START The data

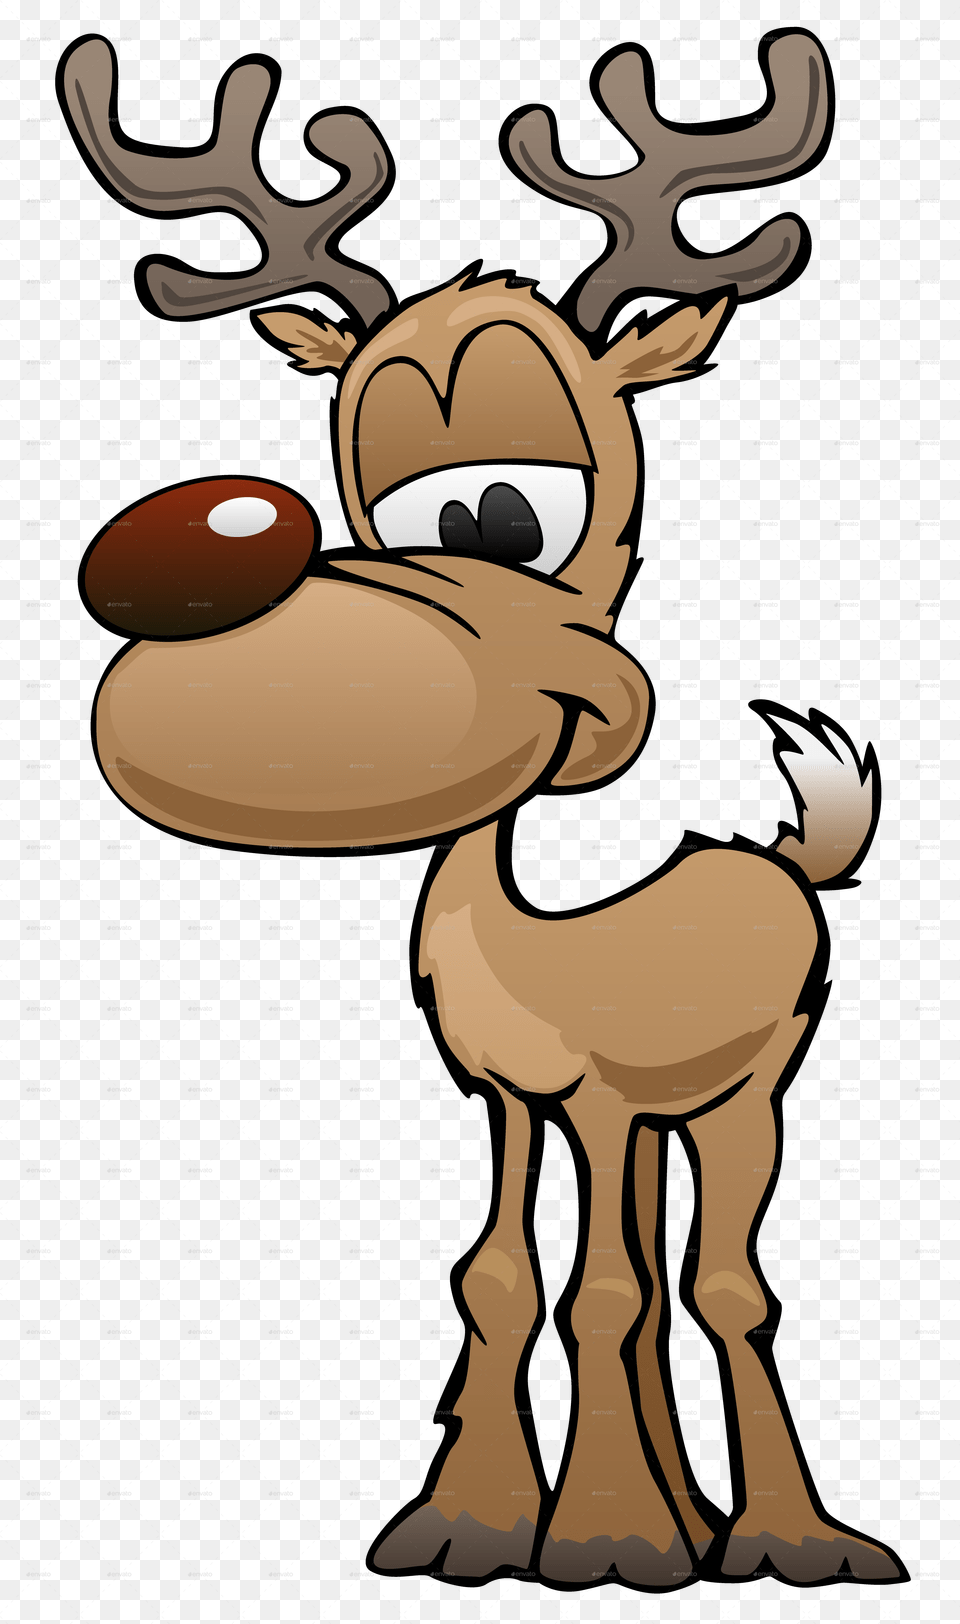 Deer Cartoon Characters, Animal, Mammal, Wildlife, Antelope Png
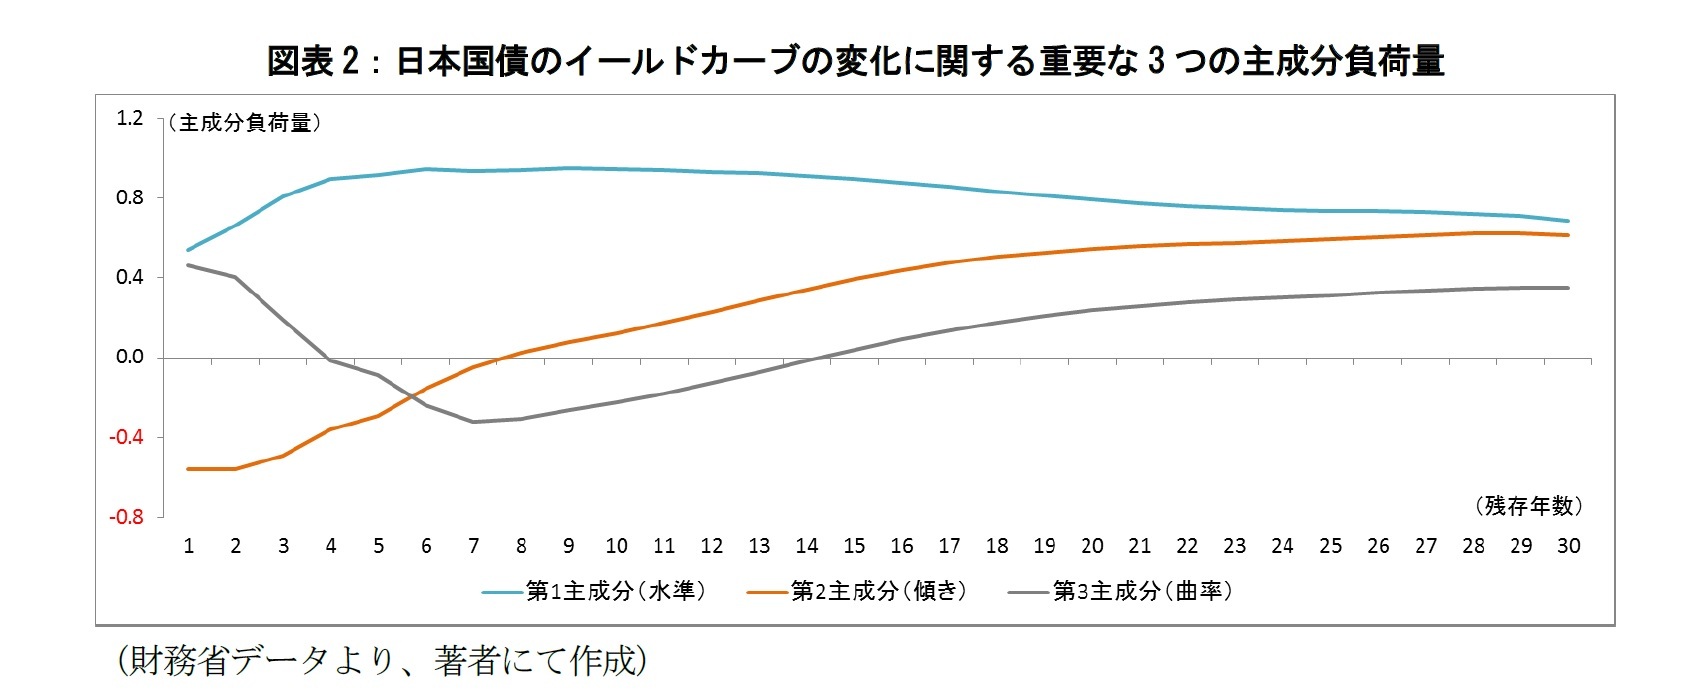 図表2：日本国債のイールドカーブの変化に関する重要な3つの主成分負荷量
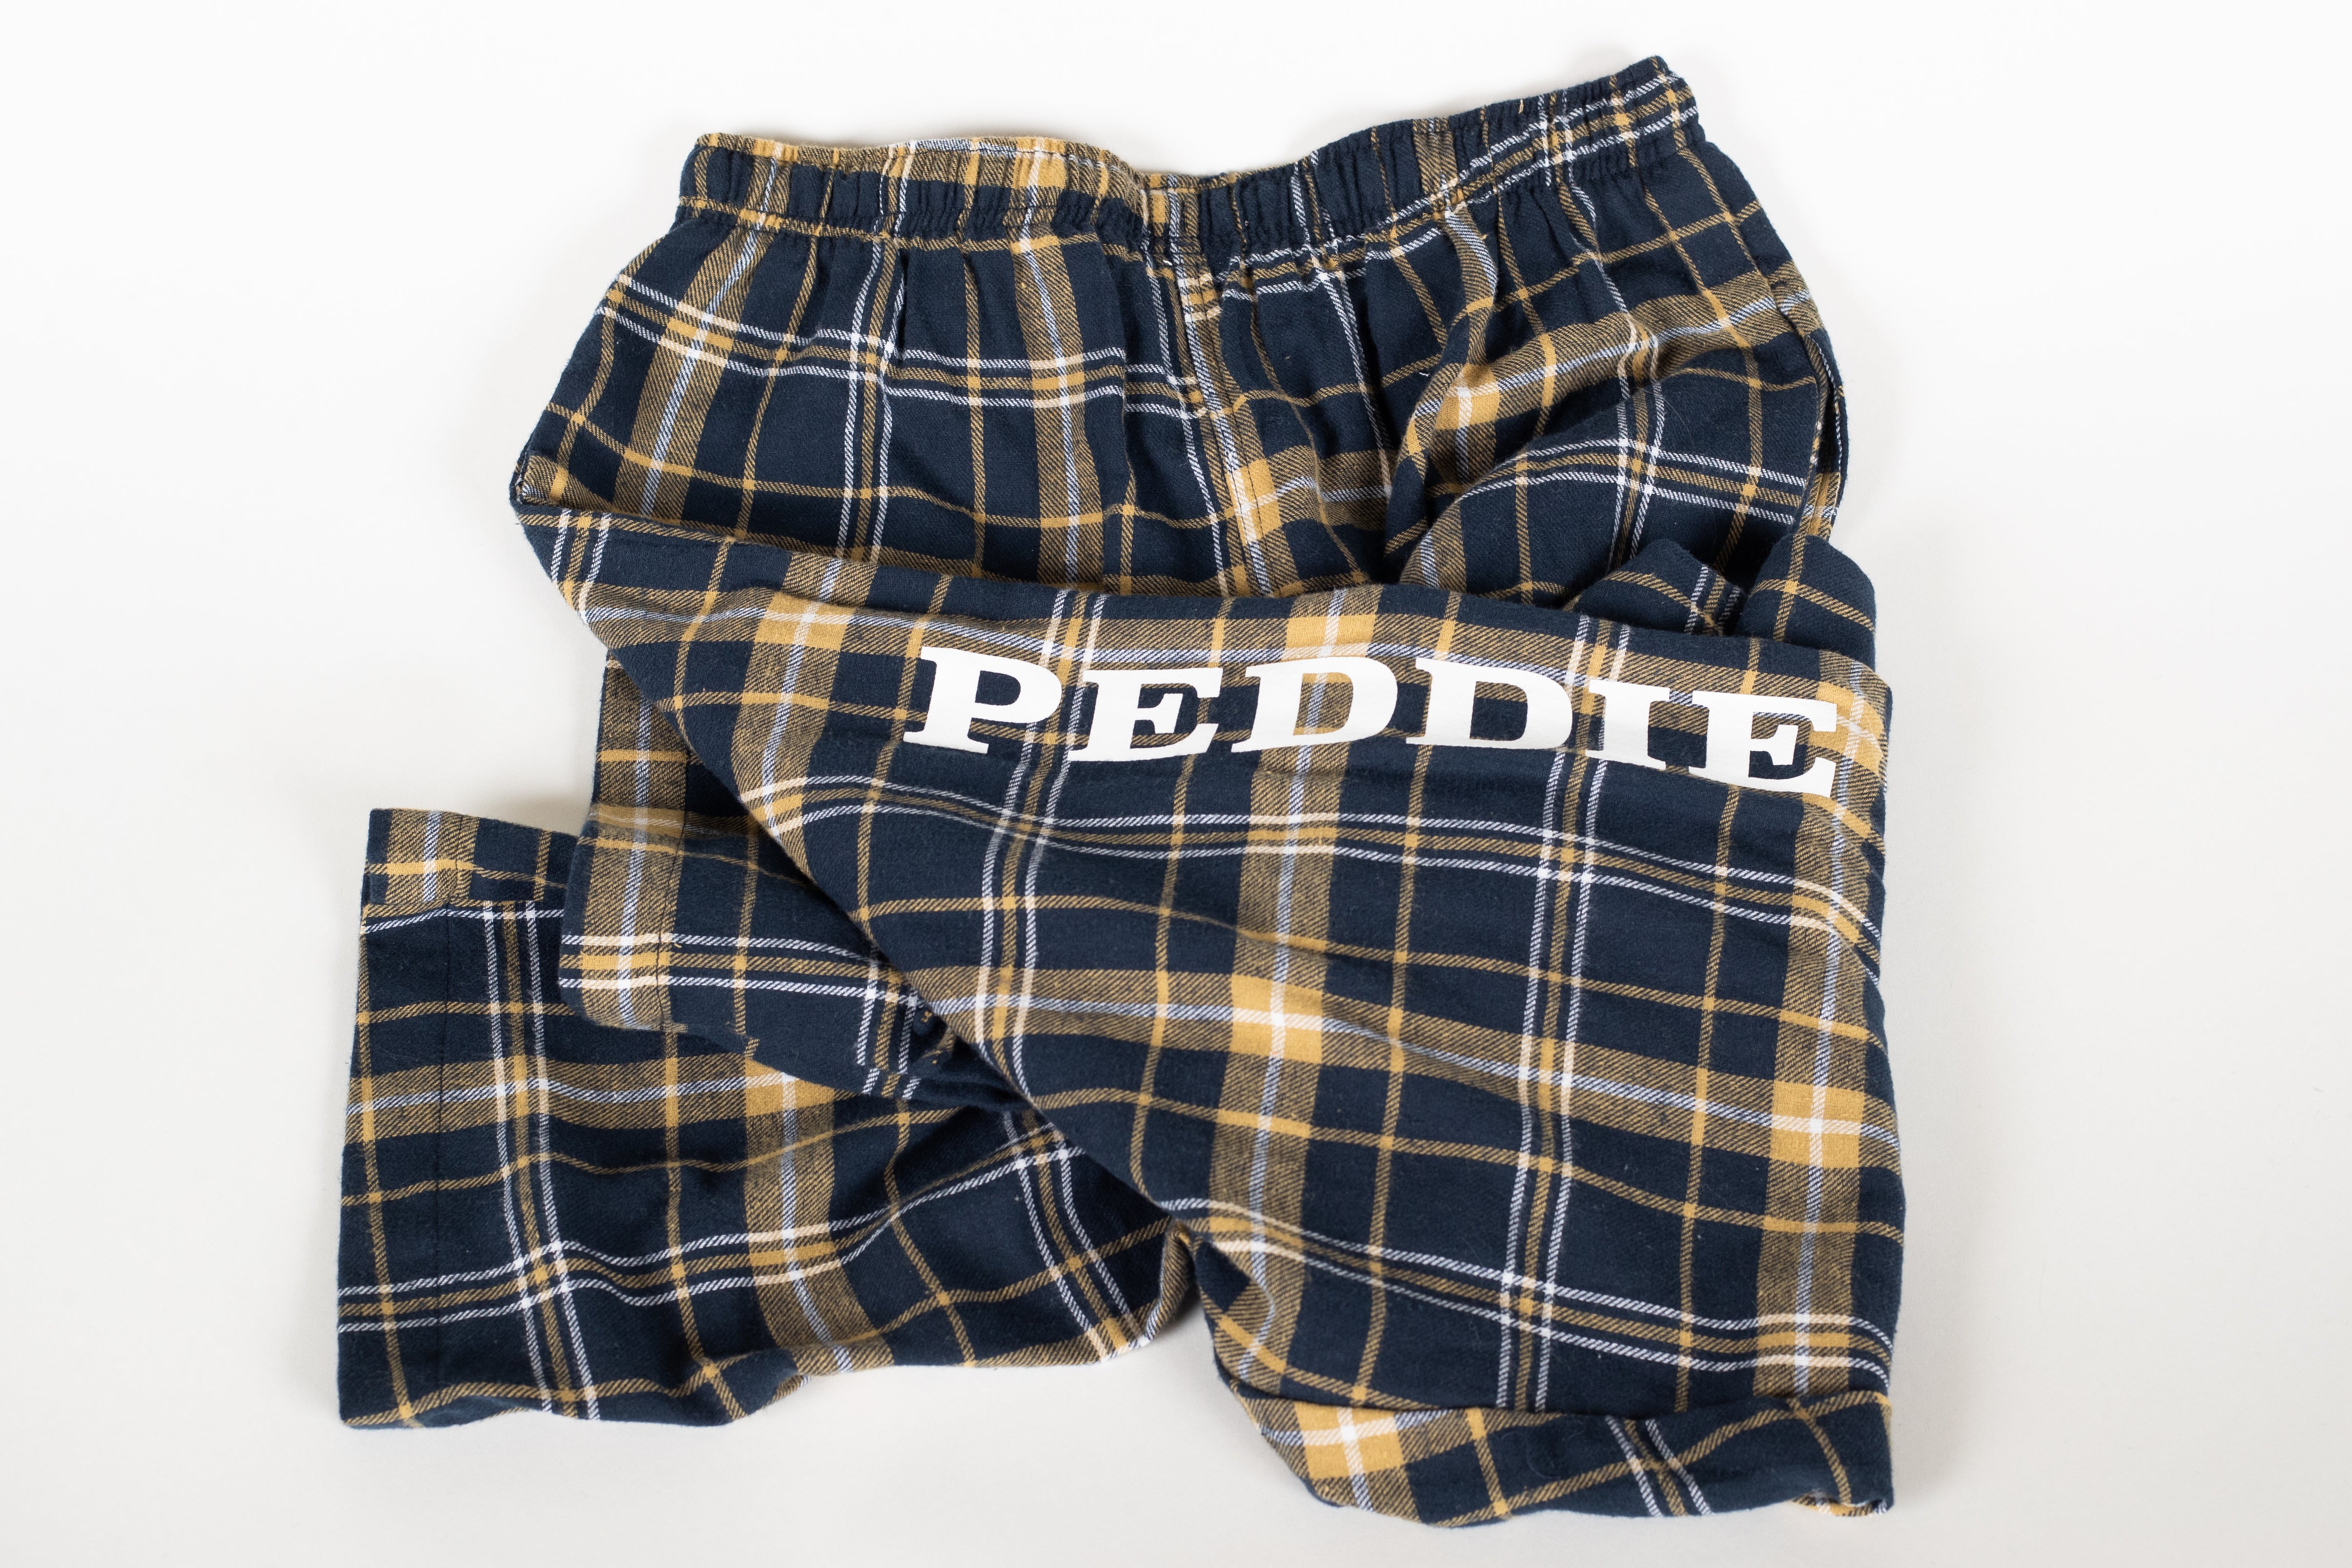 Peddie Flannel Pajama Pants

END The data

Problem
Go to the line containing "図表2：日本国債のイールドカーブの変化に関する重要な3つの主成分負荷量", then write out word for word every line from there to the end of the listing. Keep both end lines and drop the pictures.

Task result
 図表2：日本国債のイールドカーブの変化に関する重要な3つの主成分負荷量
 Peddie Flannel Pajama Pants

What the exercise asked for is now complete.